Congratulations on a beautiful fish!


----------



## KDubBlast

Beautiful. Good Job on the CPR!


----------



## Drifting Yak

Very nice spec there Mr. txspeck! Lemme know if you ever need someone to come with ya to help hold the fish! :rotfl:


----------



## DIHLON

Great job!


----------



## sharkchum

That's a pig. Congratulations


----------



## sotexhookset

Well done and a big congrats. Great fish.


----------



## My Coast Outdoors

Great fish and advice!


----------



## TatterTot

That's awesome. Not just the monster but the fact you found a steady bite.


----------



## trophytroutman

Nice hawg Bill!!!


----------



## Trailer Rig

Awesome fish


----------



## glojim

Great report!

With wind up to 15mph, did u hug the shoreline to avoid the wind/choppy water?


----------



## Flats Mark

Awesome post!!!


----------



## Bow'd-Up

Nice catch!
Great release!

Yep, the girls always try to spit my Fat Boy too!


----------



## Explorer123

Nice fish. Great story. Sounds like a wonderful trip! Congrats.


----------



## troutsupport

Awesome fish TxSpeck. Nice work Brotha! you've done the work and watching them over and over and put the knowledge into play BIG TIME. 

Congrats on a beautiful fish. T


----------



## GeeTee

Sheeet - look at the head on that thing. Congrats!!!!


----------



## RogerTherk

that would be on my wall, at least a replica. Nice catch


----------



## RRbohemian

Nice fatty. Good to see you let her make more fatties like her.


----------



## troutsupport

Awesome fish for sure. I added a couple fat ones late yesterday.. CPR'd them.


----------



## Fishon 13

Nice fish congrats.


----------



## troutsupport

You've had a heck of a season so far Bill.. keep it up brotha, still some big 'uns left to be caught for sure.


----------



## smacha538

Congrats on the pig!


Sent from my iPhone using Tapatalk


----------



## Anderson Guide Service

Awesome!!


----------



## trophytroutman

Your 30" is waiting for ya. Still a heck of a fish.


----------



## Guitarfish

Nothing but a super catch!


----------



## schoalbeast101

Great fish! Isn't it awesome how those pigs almost look and act like a different species of fish! When you see them attached to your line they don't look like a normal trout. I guess because they aren't. lol.


----------



## Marker 54 Lures

dude !


----------



## Troutamizer

That is a fish of a lifetime congratulation!


----------



## GOTAWAY

I great fish txspec


Sent from my iPhone using Tapatalk


----------



## ghbyram

Well done.


----------



## gonzo1981

WOW that's I biggin great job.


----------



## sqr71

That was a very nice fish. Way to go on letting her go back to making more.


----------



## JimD

Nice fish glad that you put her back.
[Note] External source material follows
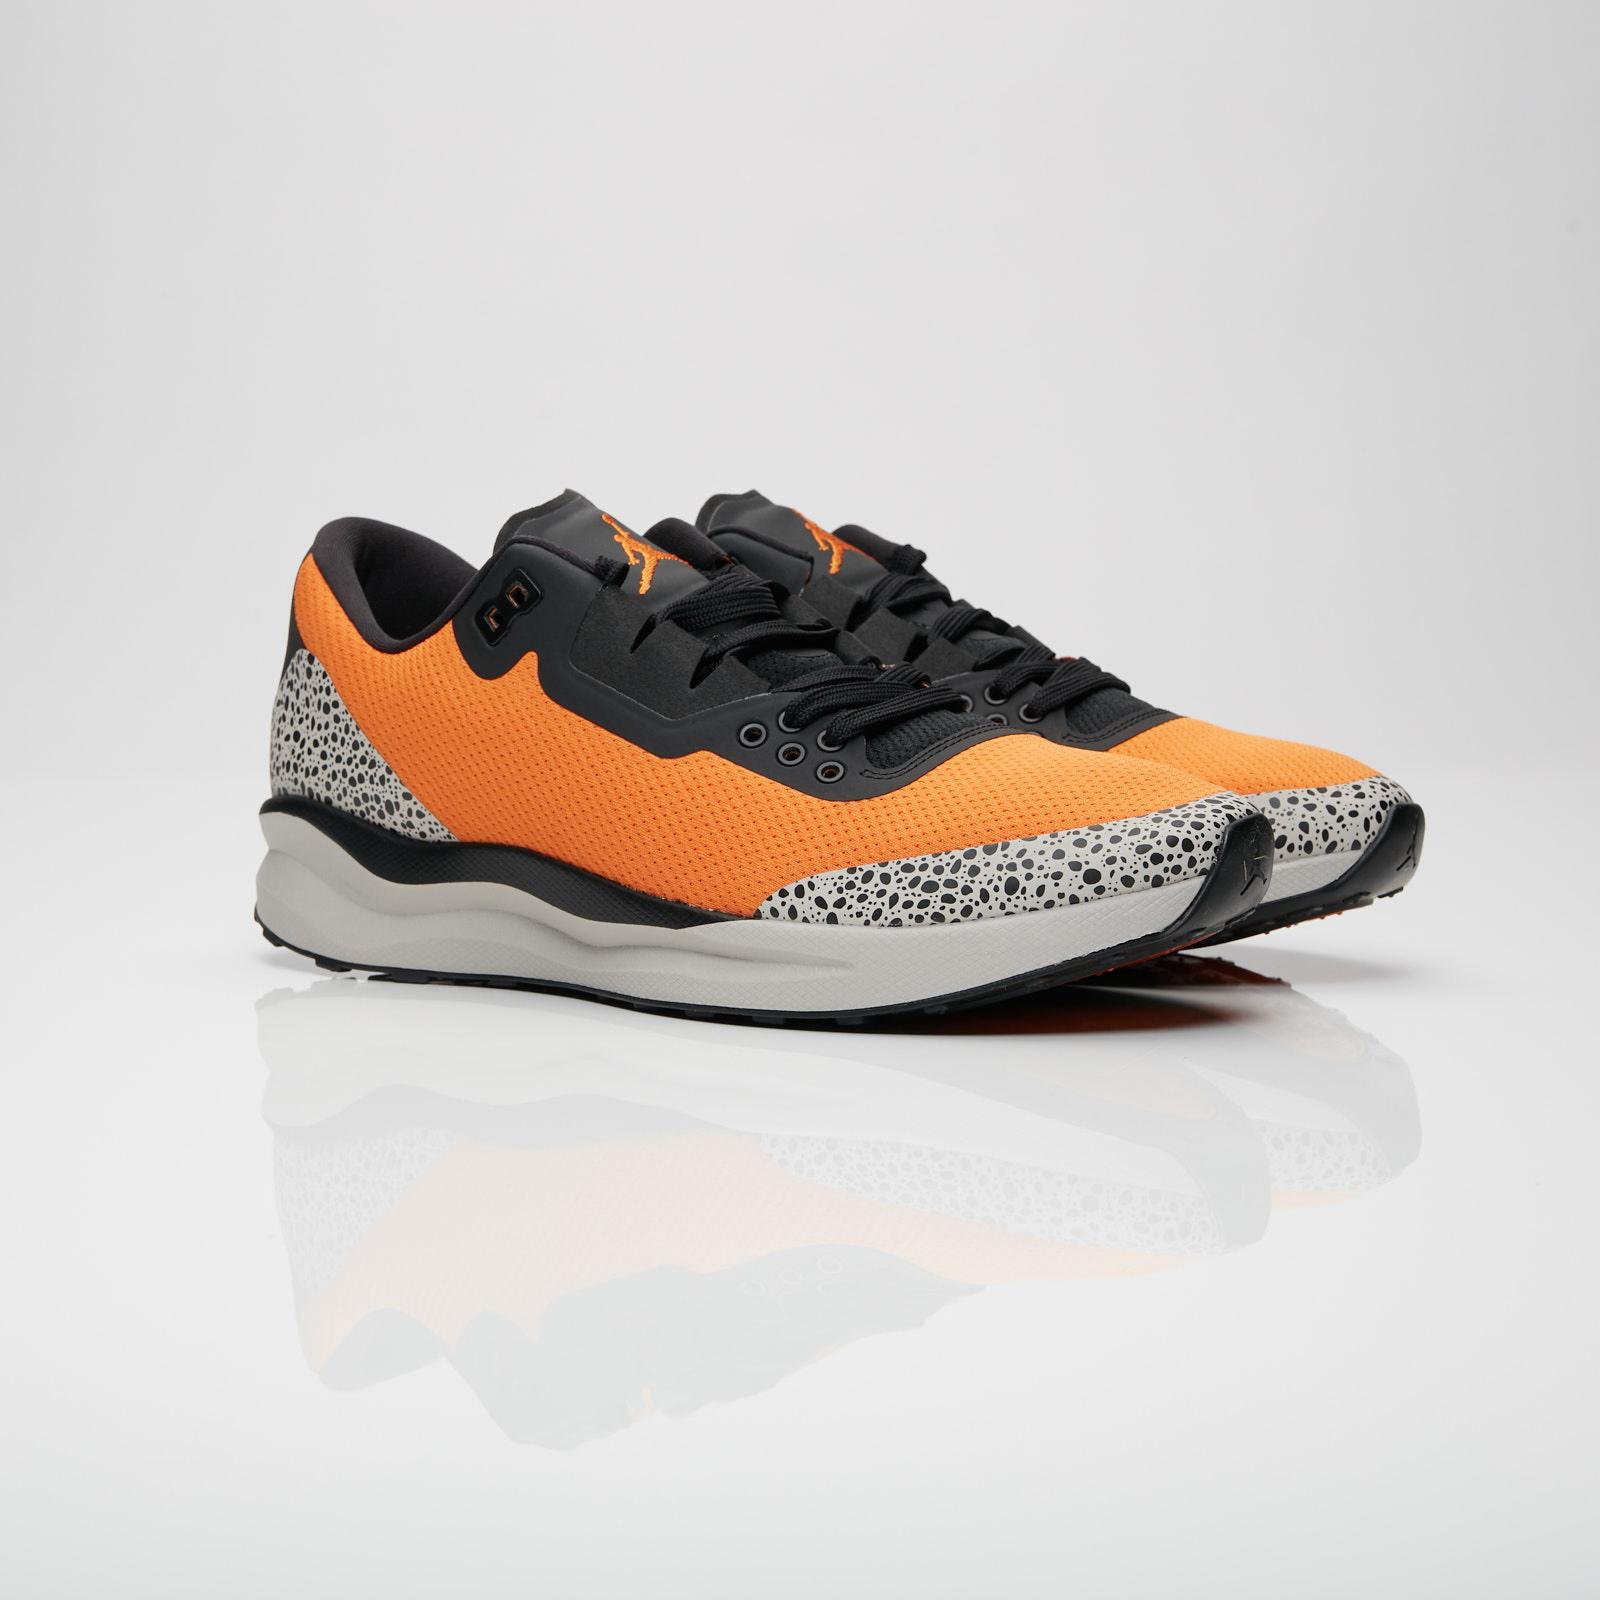 3f888523b27c Jordan Brand Zoom Tenacity 88 - Av5878-800 - Sneakersnstuff ...

So close kinda like shooting that big buck that scores in the high 160's and misses that 170 net.

I had my best at 30.5 by tape and she had just spawned the night before and boggaed at 9.25. You always dream about that 30+ and 10 plus. That is what keeps us out there. Looking and dreaming and wondered just how big the big ones were that did not make it to the boga.  
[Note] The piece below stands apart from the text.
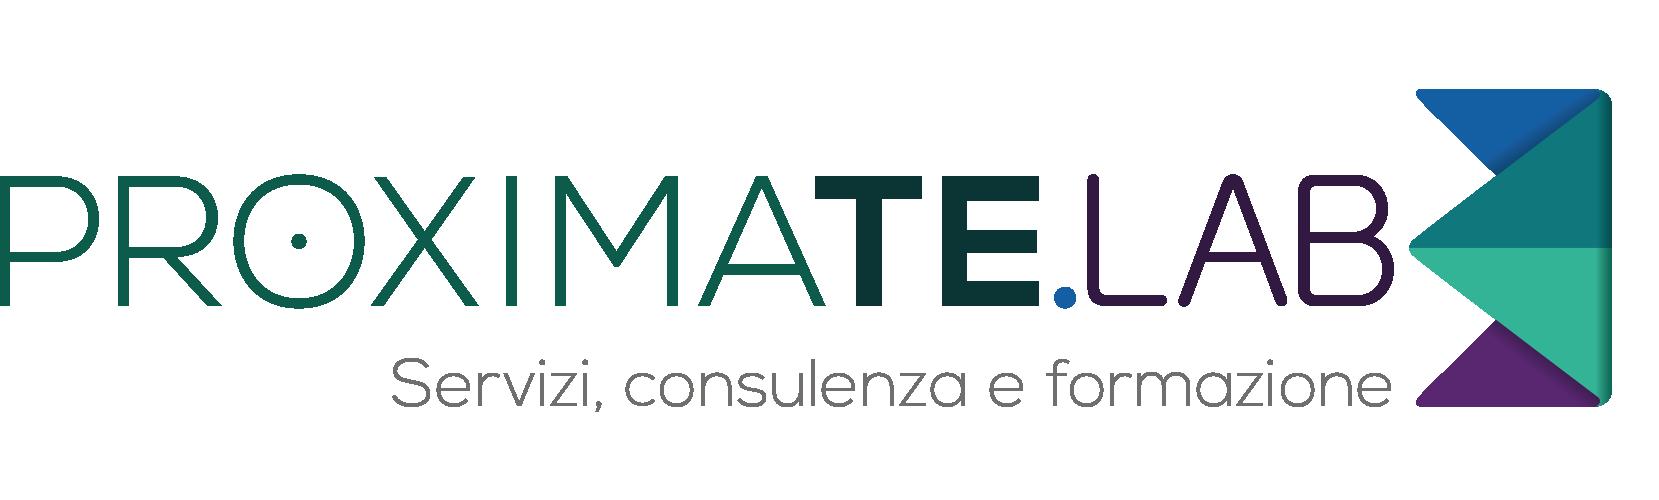 www.proximatelab.it

I got my pxs gave her a kiss and revived her a minute and let her eased her back into the water and wondering what she would weighed if had caught her the day before. 

Good luck and stay with looking for that "book" fish. 


Tobin has great dvd's heck I took them with me in November the weekend of the super moon and managed to watch all of them while hunting it was so slow. Got a fair 140 class 8 point but it was SLOW hunting and great movie time with a dvd player and ear plug I was able to hunt and watch dvds.

Amazing what you see and pick up each time you watch them.


----------



## ctsa

What a pig! That first head shake on top of a rush you can only explain to others that have experienced it! 

Tight lines


----------



## Vulash

Congratulations! Thats a beauty


----------